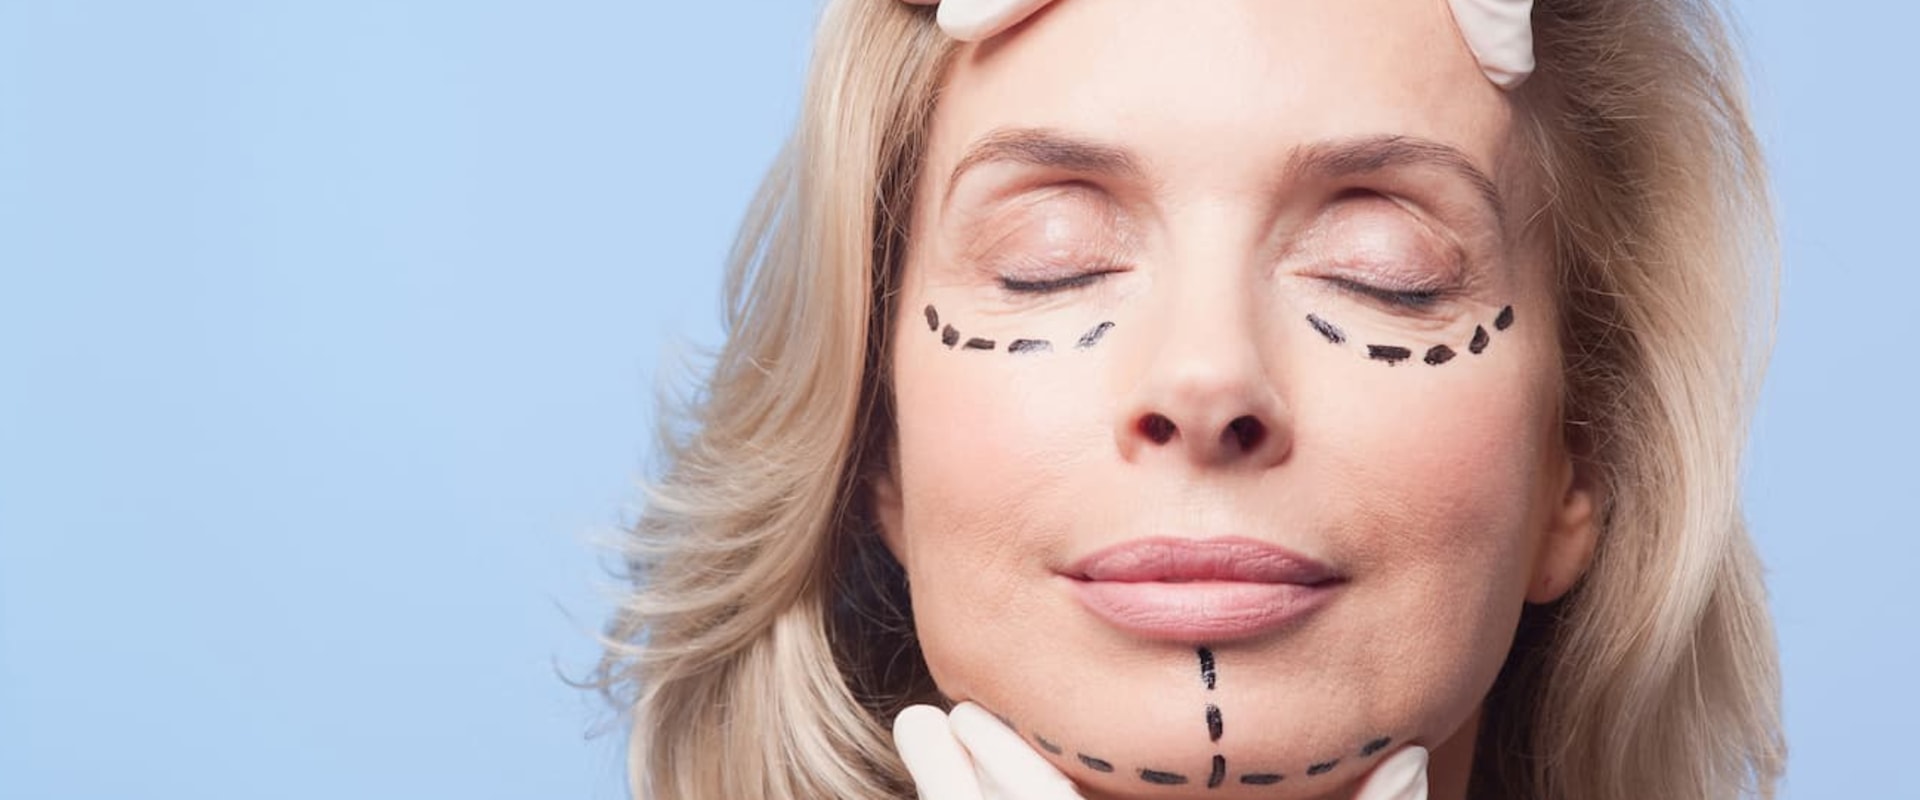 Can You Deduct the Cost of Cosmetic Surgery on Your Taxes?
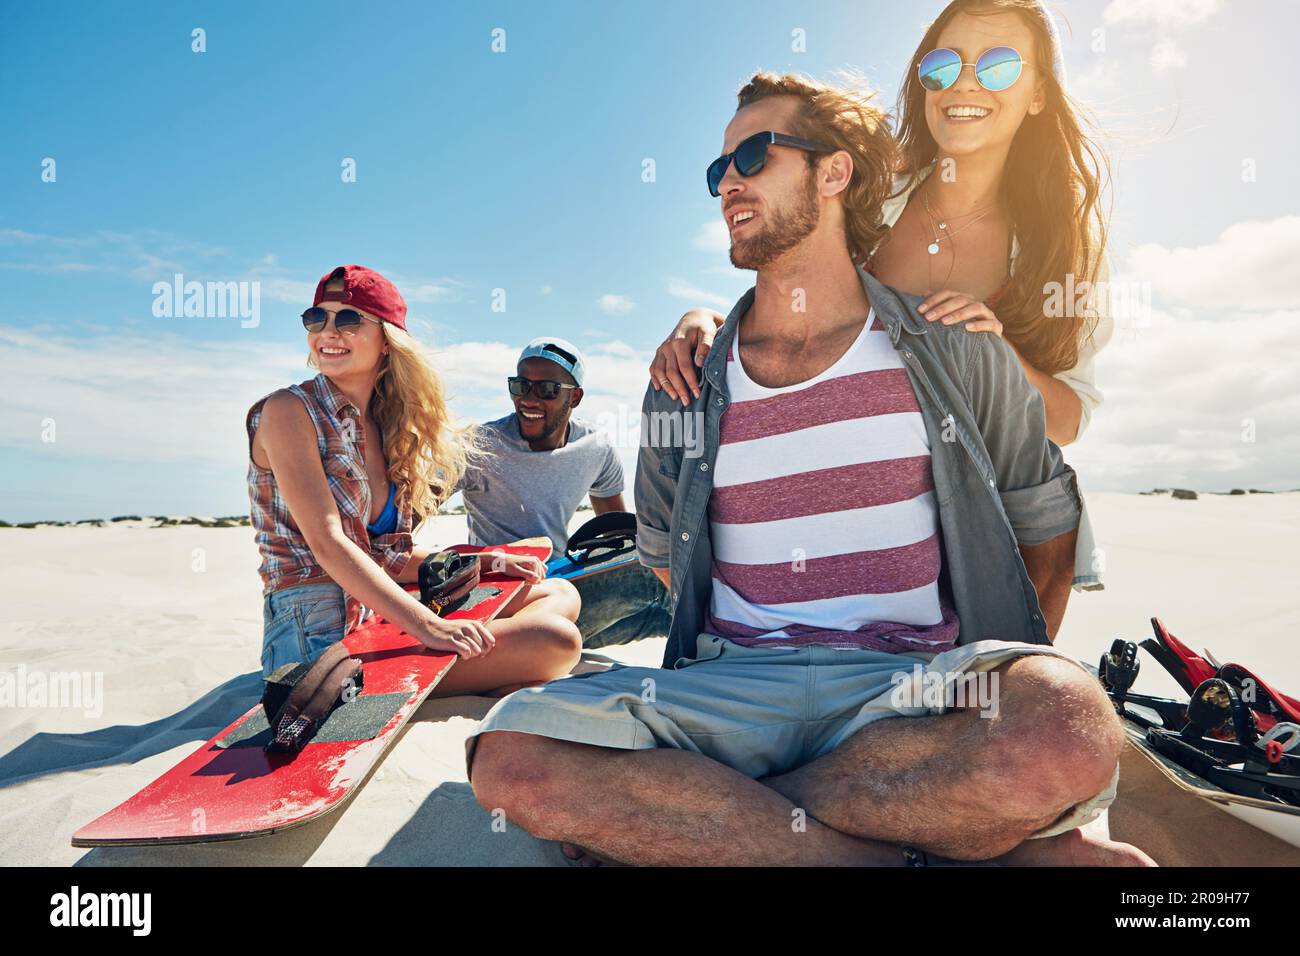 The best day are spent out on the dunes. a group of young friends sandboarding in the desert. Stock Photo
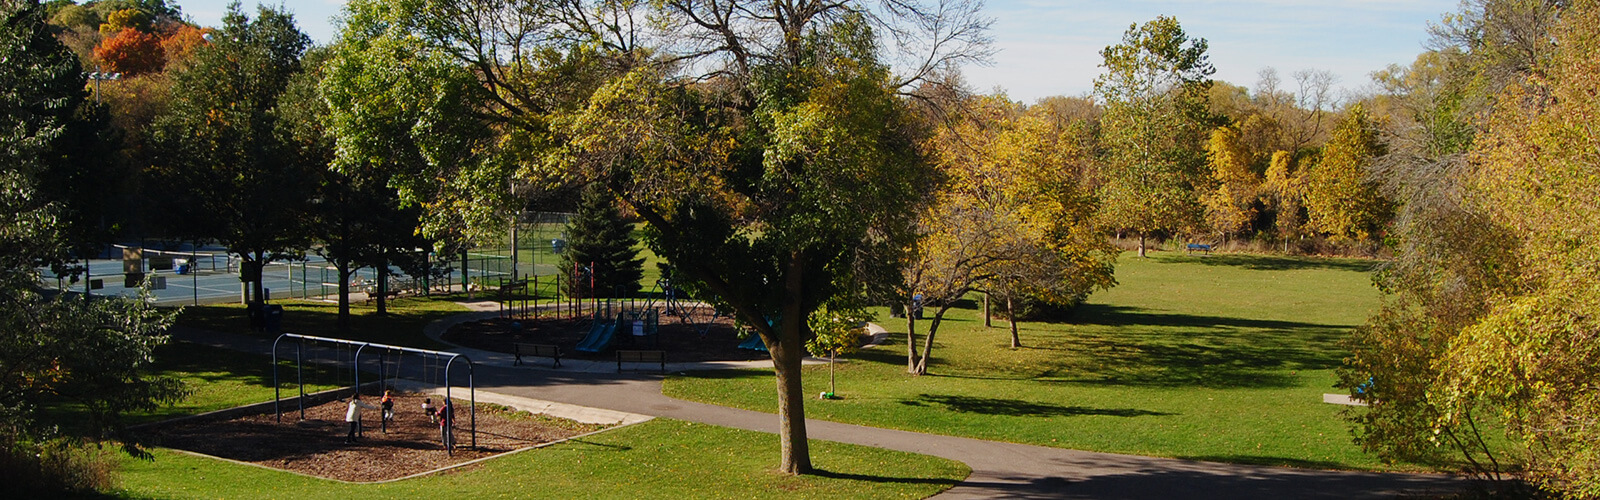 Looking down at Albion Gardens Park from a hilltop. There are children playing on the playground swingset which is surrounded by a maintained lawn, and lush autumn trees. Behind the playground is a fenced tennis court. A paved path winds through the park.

---

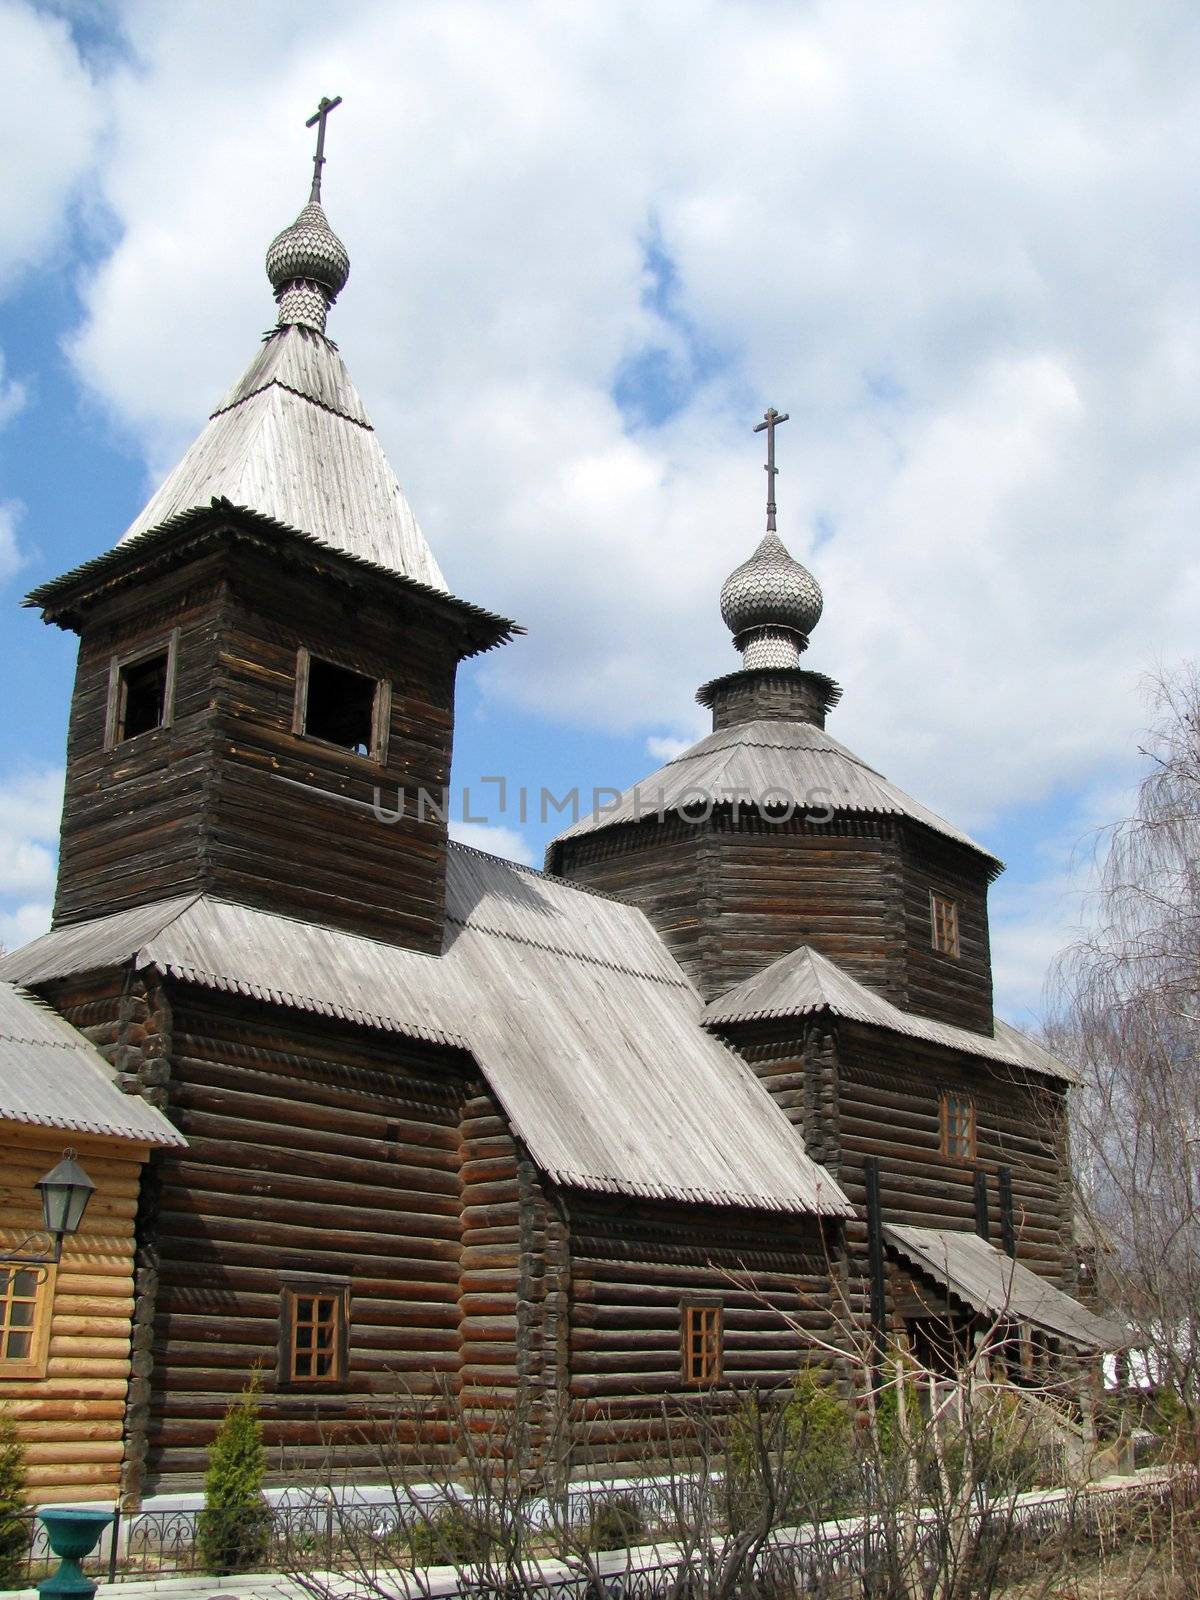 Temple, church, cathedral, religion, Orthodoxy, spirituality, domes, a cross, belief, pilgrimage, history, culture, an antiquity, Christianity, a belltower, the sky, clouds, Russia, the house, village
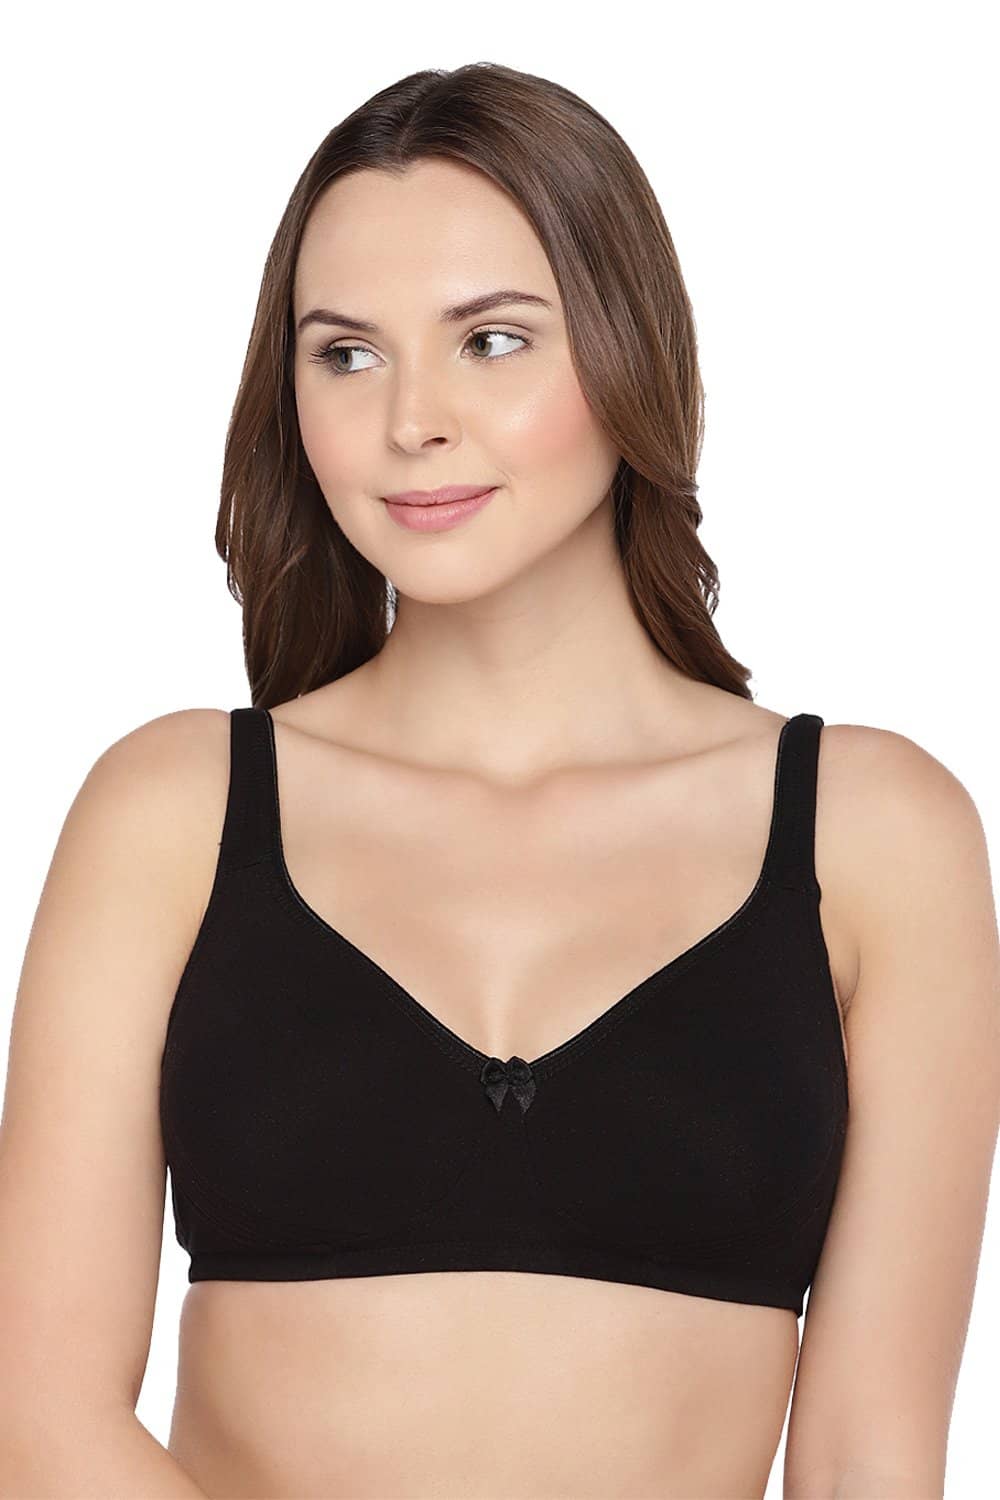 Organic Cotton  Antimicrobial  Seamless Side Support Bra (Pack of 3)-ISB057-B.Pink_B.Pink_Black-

What is required: While skipping the pictures, transcribe the data above from the line showing "Can You Deduct" through the line showing "The best day", exactly and with both ends.

Reply:
 Can You Deduct the Cost of Cosmetic Surgery on Your Taxes?
 The best day are spent out on the dunes. a group of young friends sandboarding in the desert. Stock Photo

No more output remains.